EXERCISE AIM: Given these entries, repeat exactly the lines starting with the one that has "Senior Brag Sheet" and going on through the one that has "Horizon (Choral Anthem", both included, but none of the pictures.

GIVEN INFORMATION:
*****

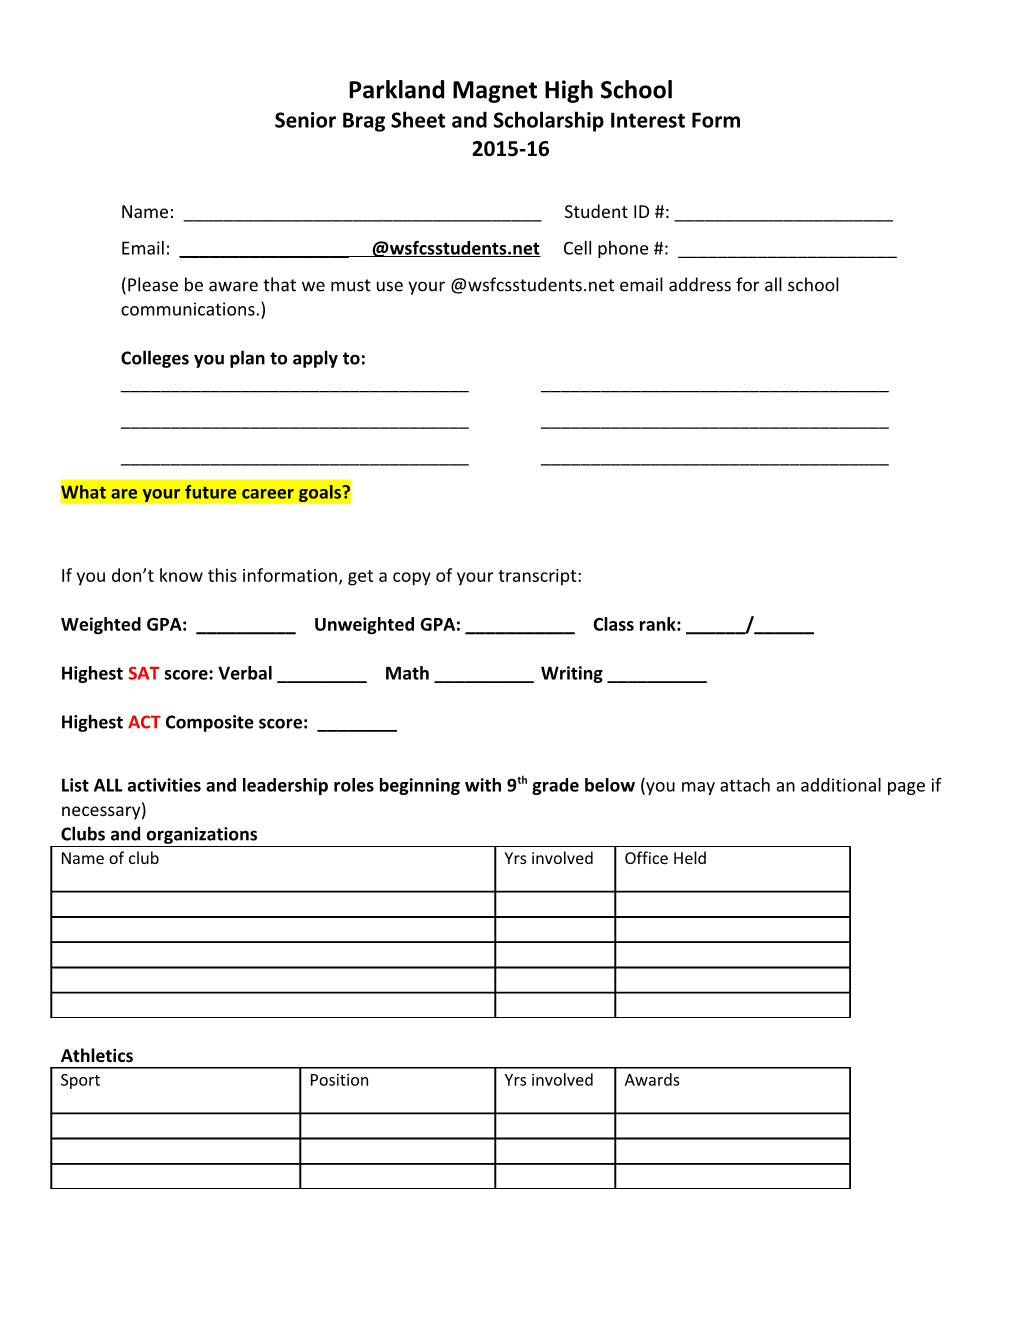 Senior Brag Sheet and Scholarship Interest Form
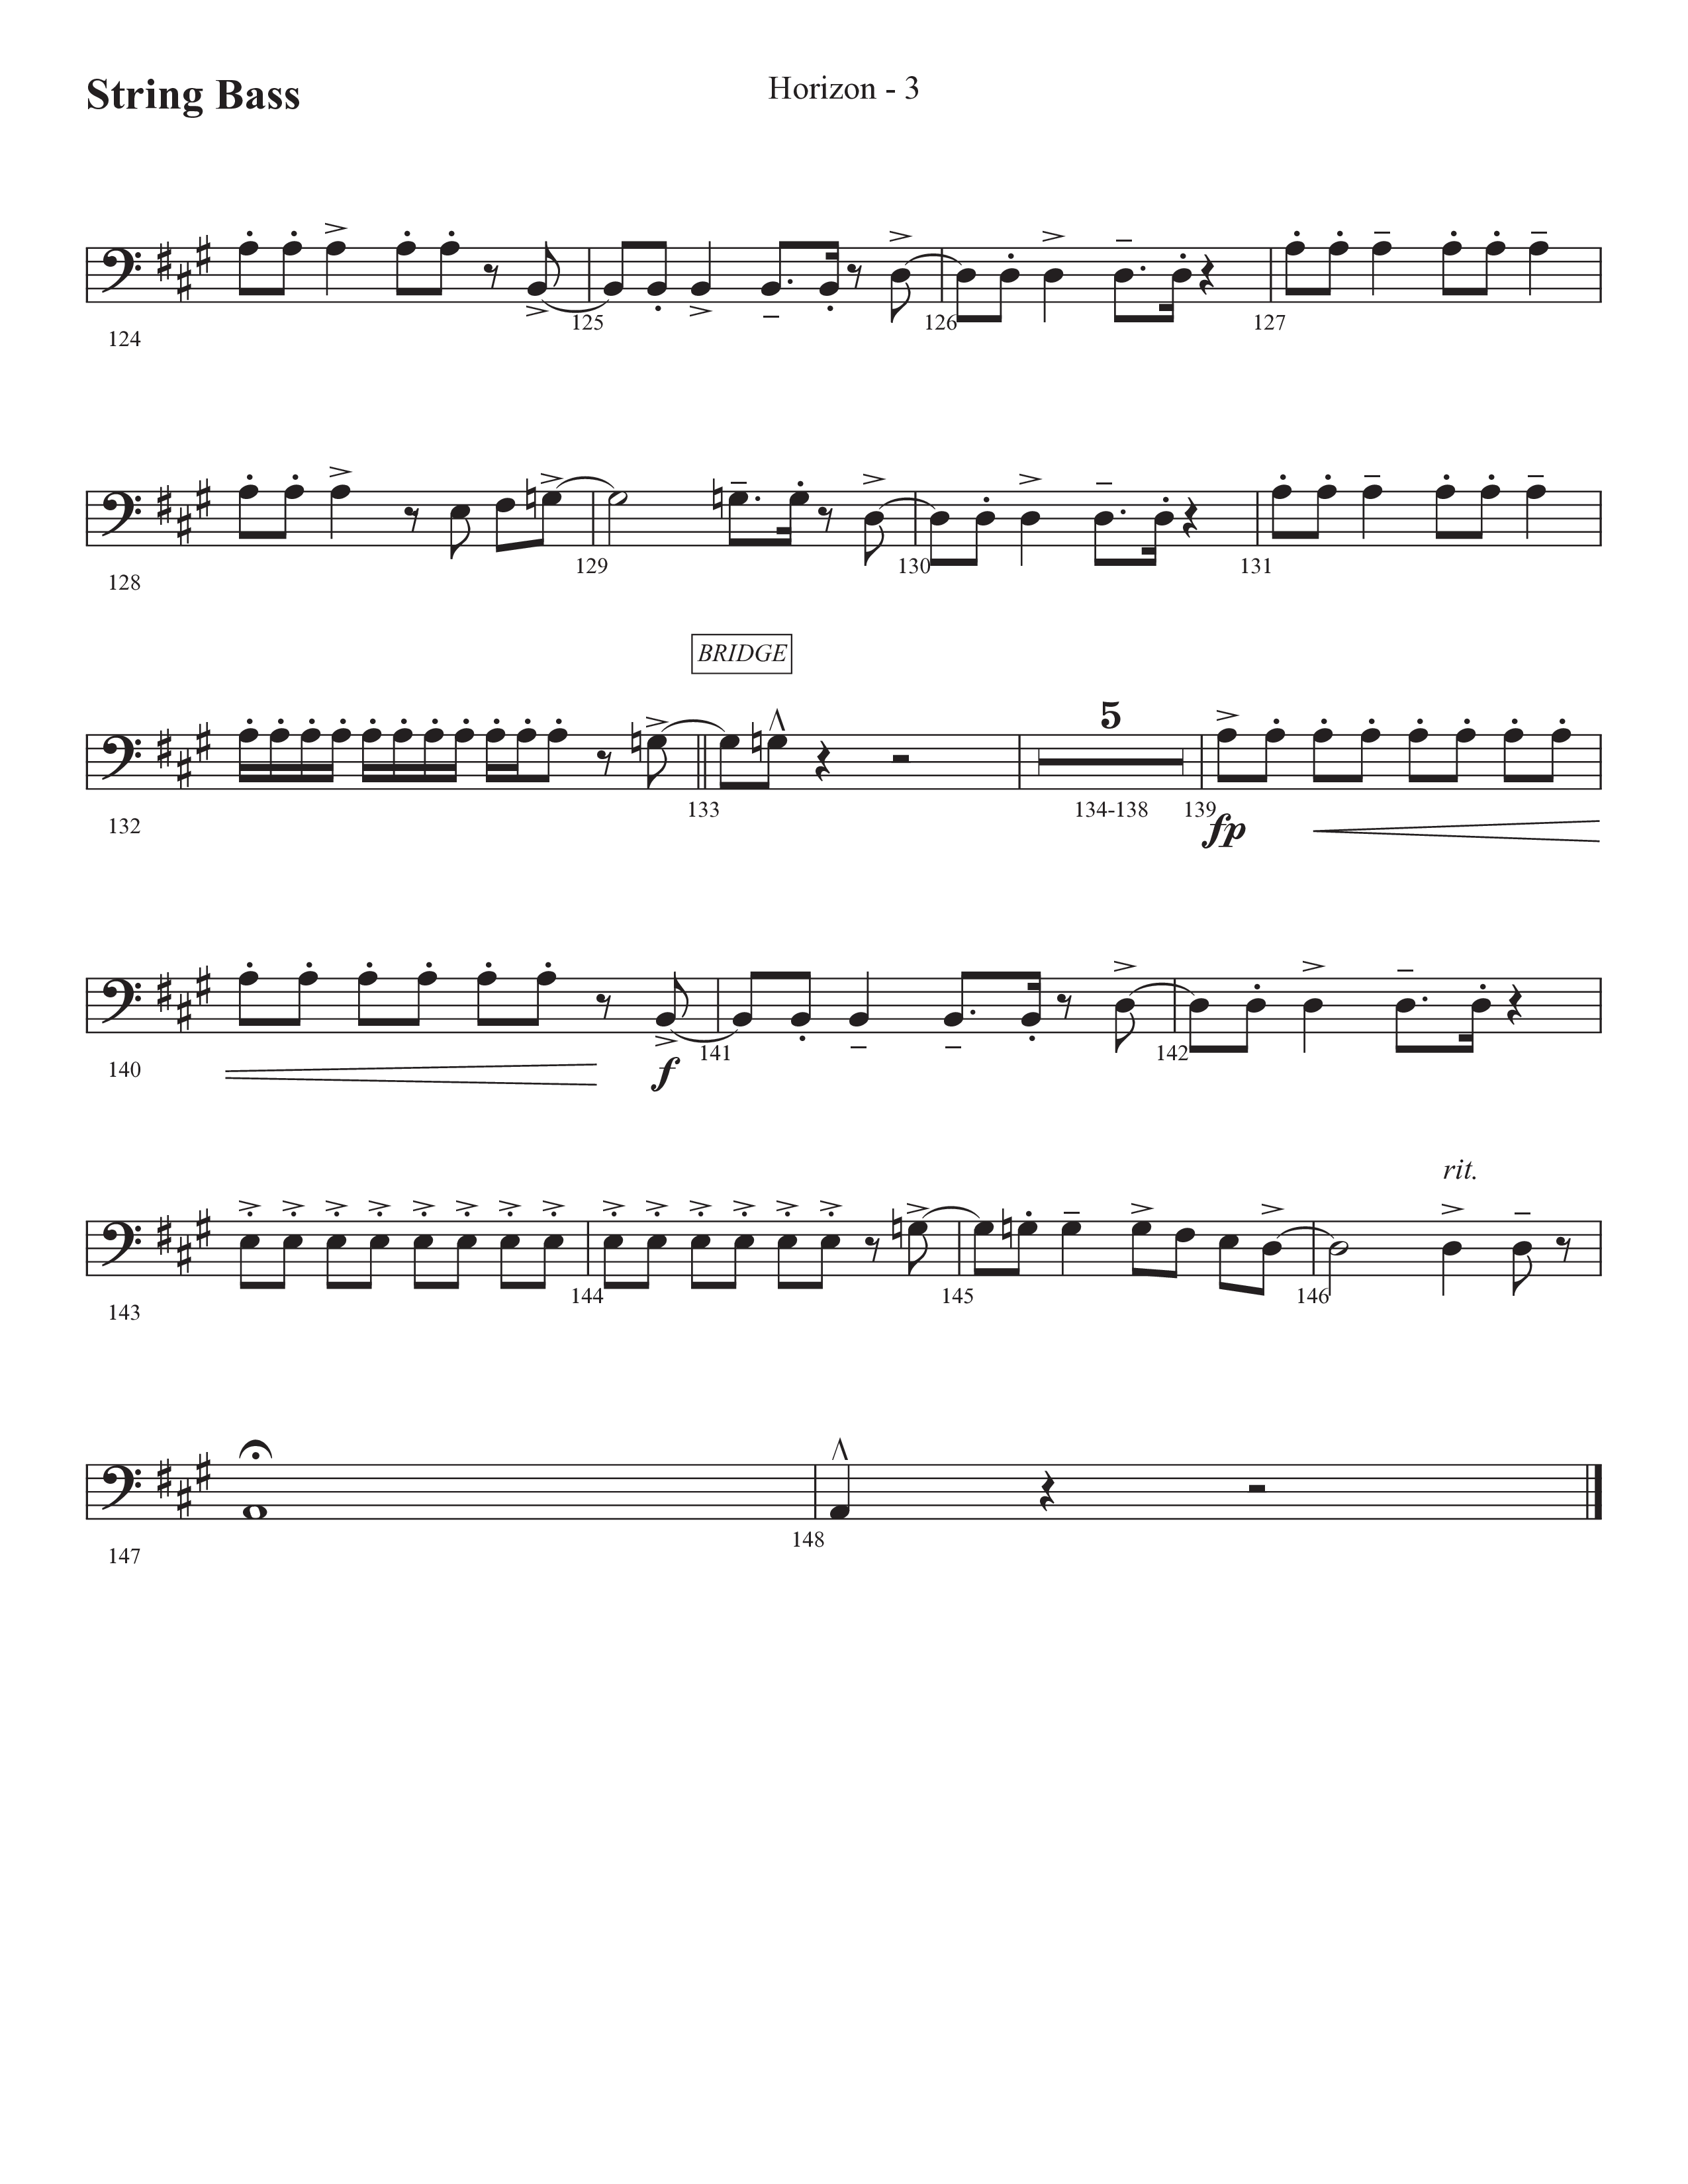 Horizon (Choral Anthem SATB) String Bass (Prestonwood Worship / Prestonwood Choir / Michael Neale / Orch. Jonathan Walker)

*****

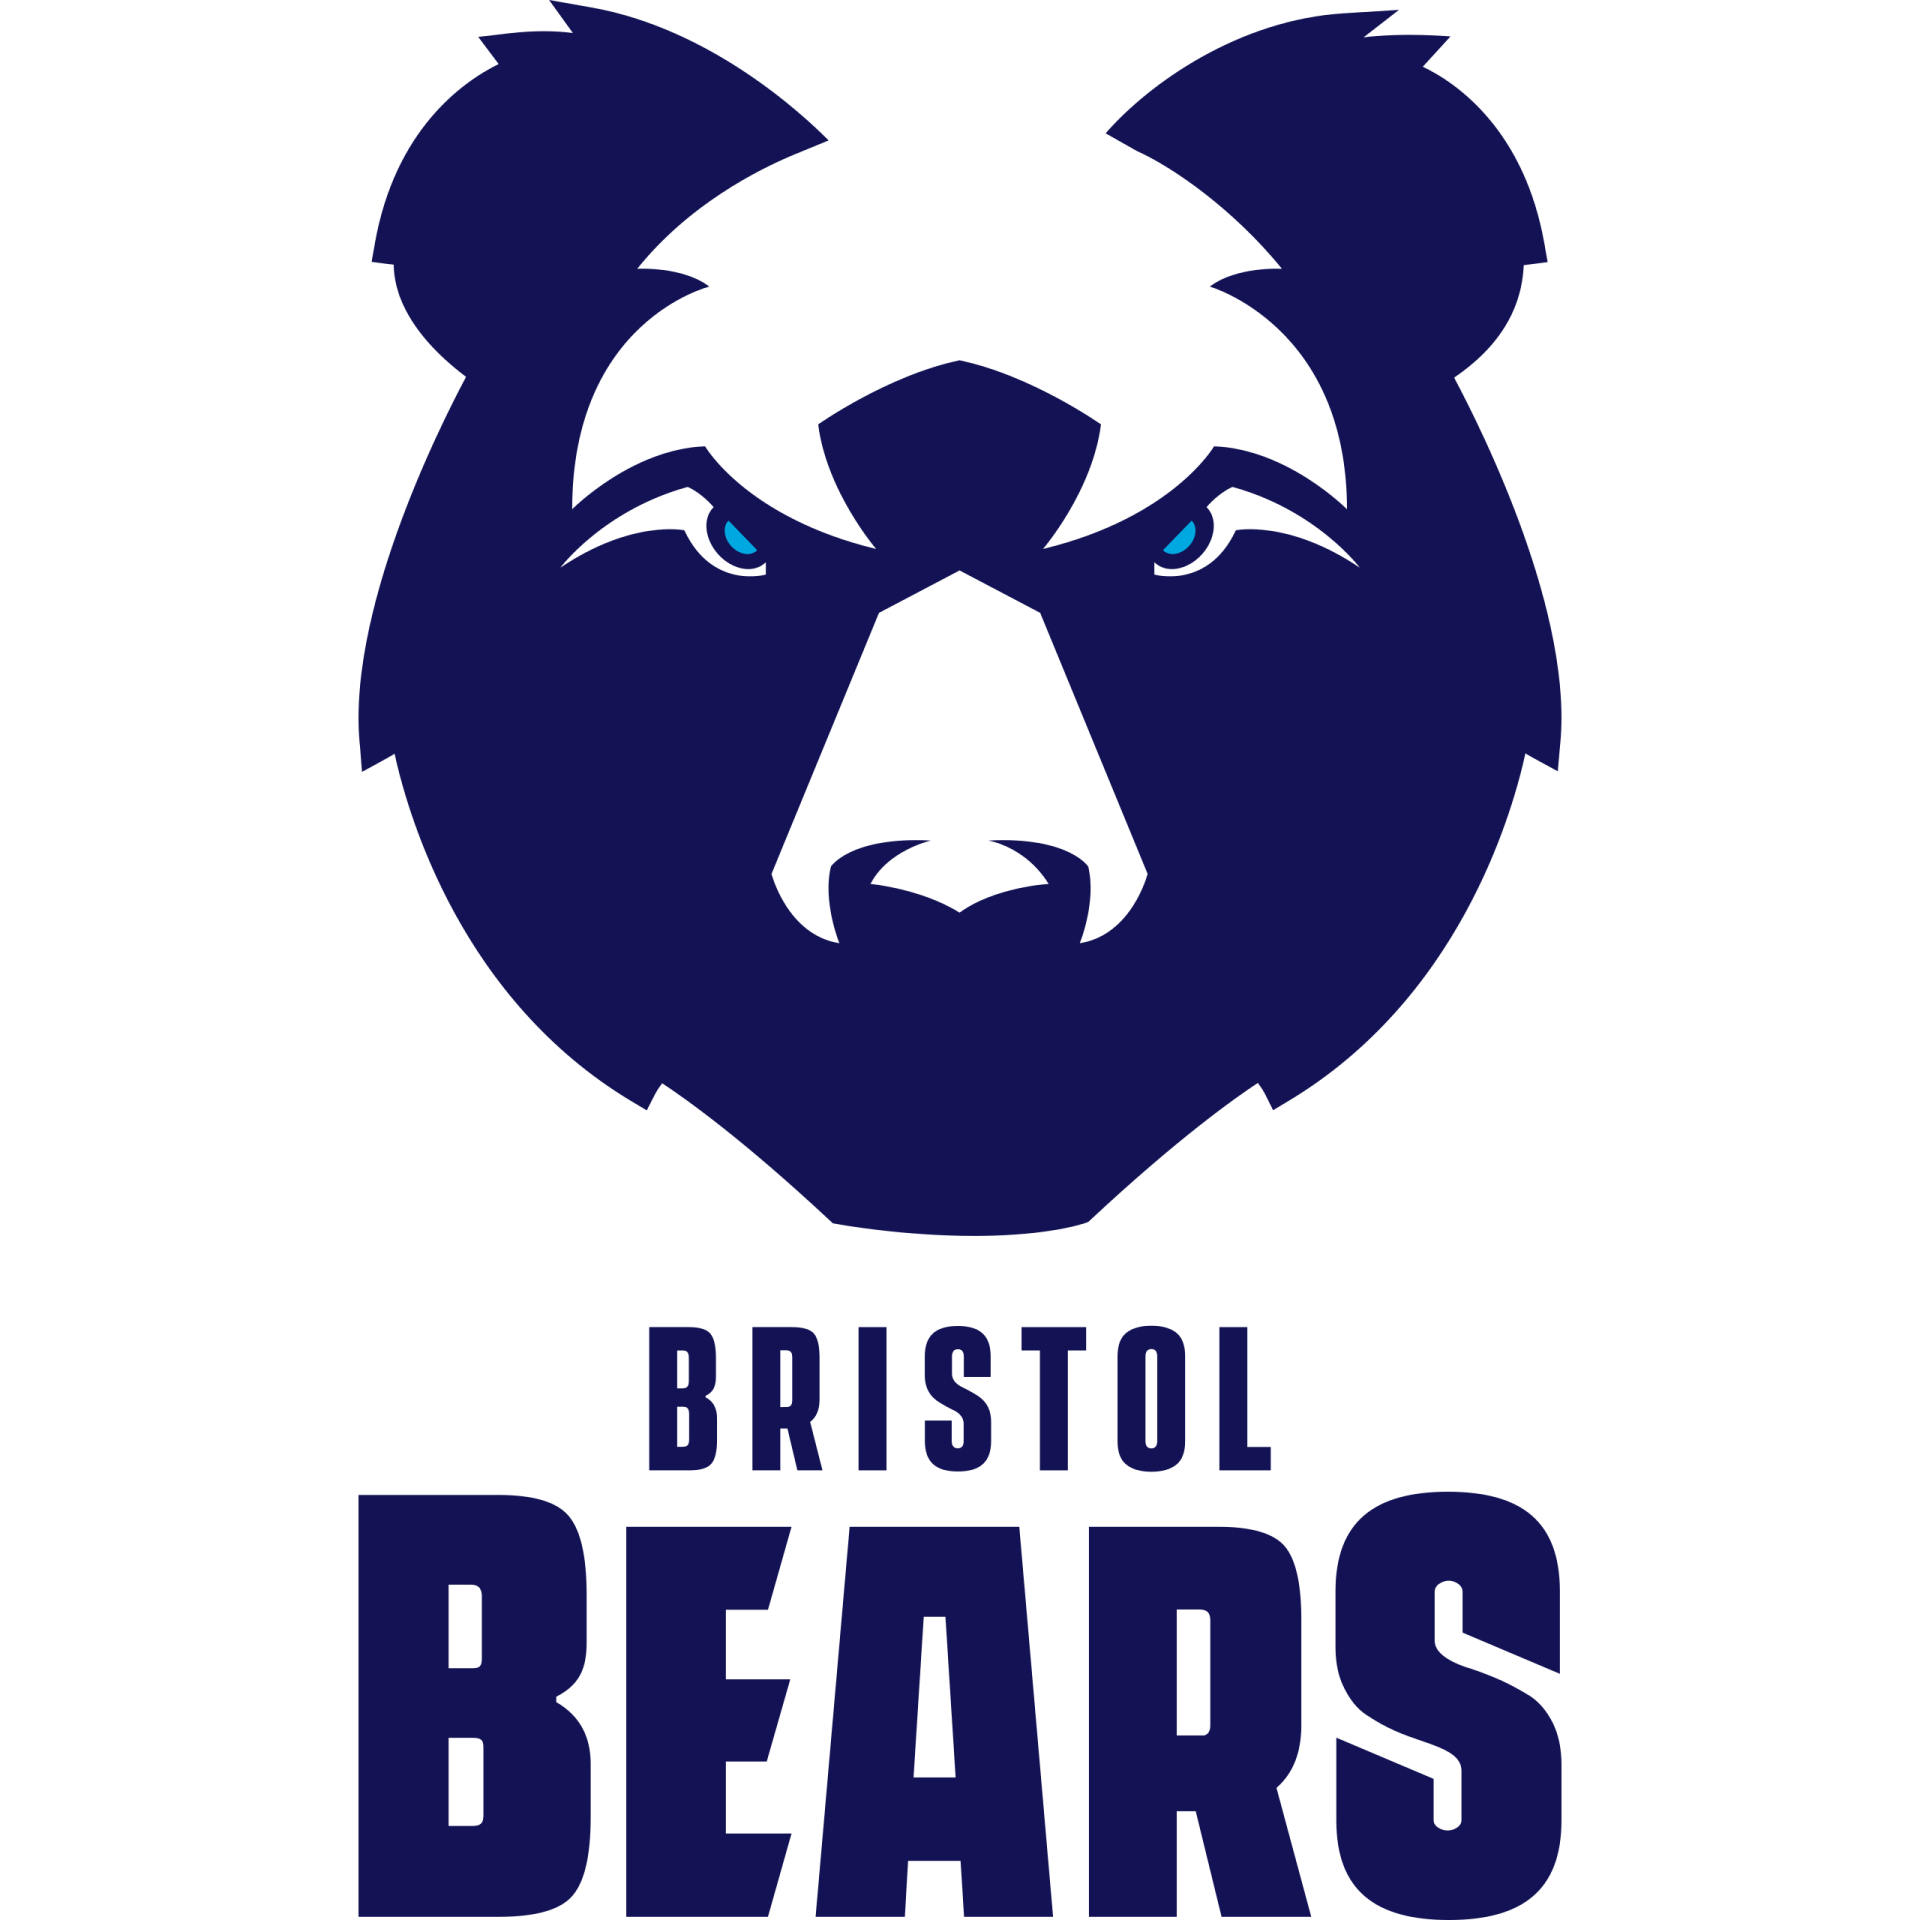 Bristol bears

*****

OUTPUT OF THE TASK:
 Senior Brag Sheet and Scholarship Interest Form
 Horizon (Choral Anthem SATB) String Bass (Prestonwood Worship / Prestonwood Choir / Michael Neale / Orch. Jonathan Walker)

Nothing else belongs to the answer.